I also took a look at how the ping/pong works and from what I can tell it's all built into qtmqtt using a timer, the only reason I can imagine that the timer wouldn't fire is if the event loop was blocked.
I am having the same issue, 100+ nodes ozw daemon won't stay up.
I have just added additional devices to my zwave network. I am now having the same issue. ozw daemon goes offline during startup.
So I spent an ungodly amount of time figuring out how to get a local debug build of ozwdaemon running on my MBP. I can't exactly reproduce the issue on my MBP (presumably because its too fast to trigger the issue), but what I do see is that the MQTT timer for pings is being invoked as expected (I also set up a 1s timer which triggers precisely on time). I also confirmed that blocking the event loop for a period of time definitely causes the MQTT timer not to be invoked. After digging into the code a bit, it looks like OZWNotification schedules it's events to be processed by the main thread using Qt::QueuedConnection, I have a suspicion that what's going on is that Open-Zwave is generating events so quickly that the Pi cannot keep up on the main thread. This causes the queue of queued signals to become saturated with queued events from OZW, which leads to the timer not being able to get in to fire. Something else that makes this seem likely is that I did some profiling and a huge amount of time is spent serializing events for MQTT, which is likely what is making each event take so long to be processed on the main thread. Assuming this is an accurate assessment, I see a couple of paths forward.
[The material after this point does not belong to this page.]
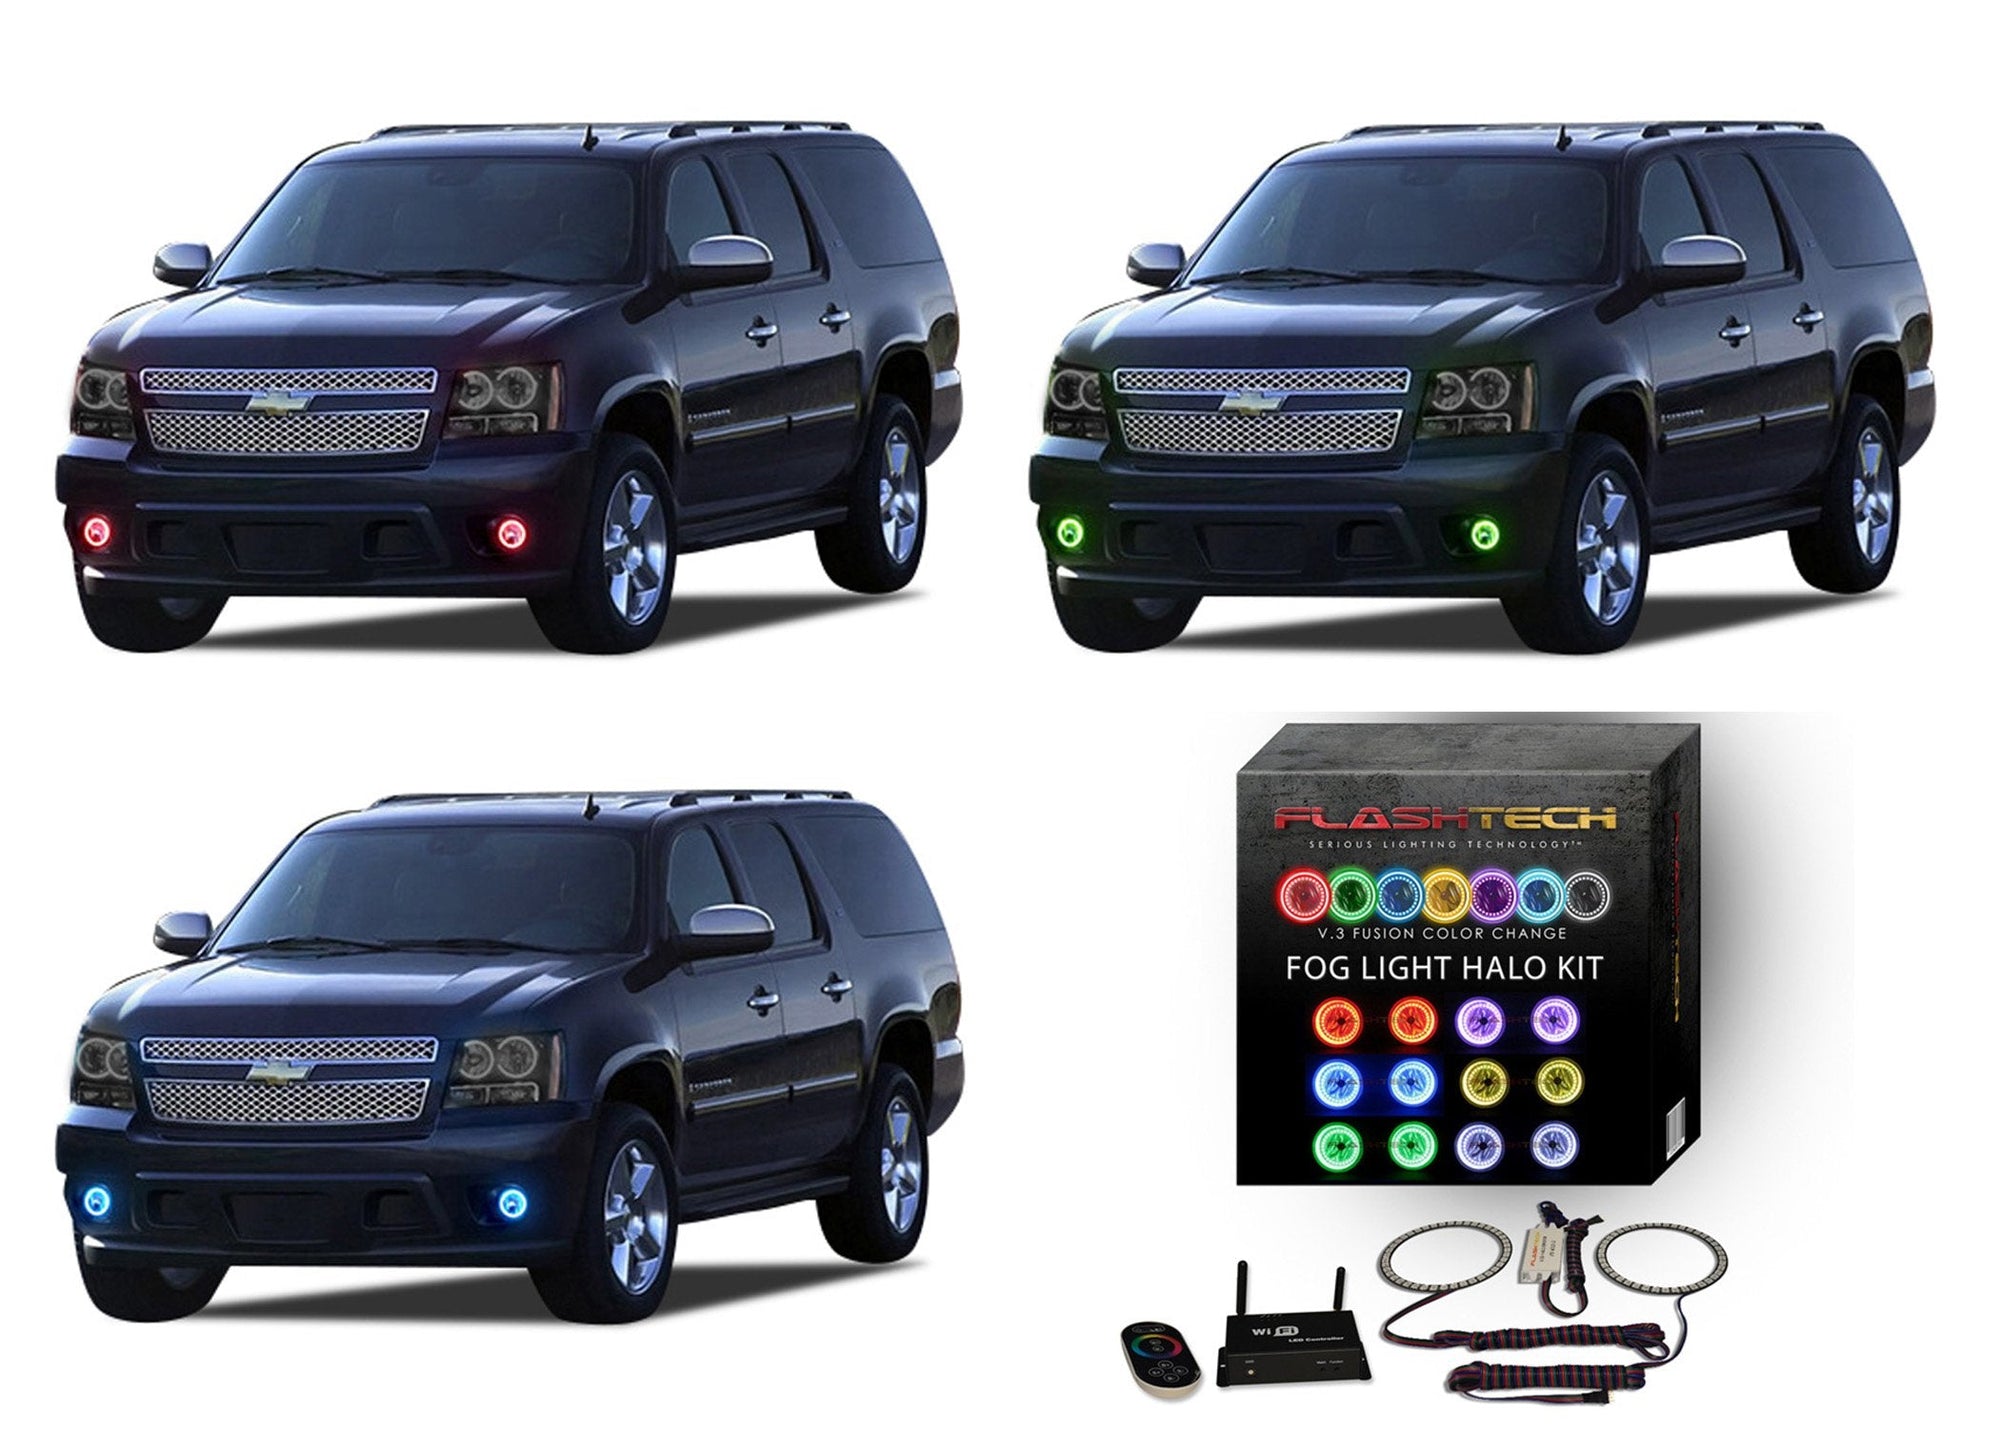 Chevrolet-Suburban-2007, 2008, 2009, 2010, 2011, 2012, 2013-LED-Halo-Fog Lights-RGB-WiFi Remote-CY-SU0713-V3FWI

- Use Qt::BlockingQueuedConnection to put some back-pressure onto OZW such that it doesn't saturate us with events during startup. This does require that OZW itself has internal back-pressuring mechanisms that can ensure that the thread that's communicating with the dongle doesn't saturate any internal OZW queues (this could cause the dongle to timeout).
- Refactor the MQTT handling to automatically reconnect after a disconnect. This is certainly something that should occur anyways, but I think it's sort of hiding the underlying issue. Saturating the event loop with stuff can cause all sort's of havoc.
- Move processing off the main thread. This is definitely the best option out of all of them. Having the event-processing for QTOZW and the network-handling for MQTT on their own threads would enable them to flow events between each-other without interfering with ordering or maintenance work that they need to be performing.
- Accept something like Pull Request #185 which adjusts the MQTT Timeout to no longer triggered while the main thread is being saturated during startup (although it should probably be something like 10m). There isn't a whole lot of downside to doing this since taking longer to discover a 'lost client' is mostly irrelevant. Similar to 2 above, this is sort of hiding the issue, though it's quick and easy.
What do you think @Fishwaldo ?
I totally agree that #185 is just a workaround, and for me, yout option 3 seems like the best one. Unfortunately I don't have enough experience with C++ and QT to help.
Regarding option 2, there has been some discussion in another issue (could not find it here and now), and a problem is apparently that it is hard to keep track of the states (and what messages in either direction that might be lost) if you just do a MQTT-reconnect without restarting OZW at the same time.
I really hope fishwaldo is well, and will be back from his involuntary break soon...
So I spent an ungodly amount of time figuring out how to get a local debug build of ozwdaemon running on my MBP. I can't exactly reproduce the issue on my MBP
This is where I am at right now :)
docker buildx build --platform linux/arm -f Docker/Dockerfile -t qt-ozw-allinone-timeout .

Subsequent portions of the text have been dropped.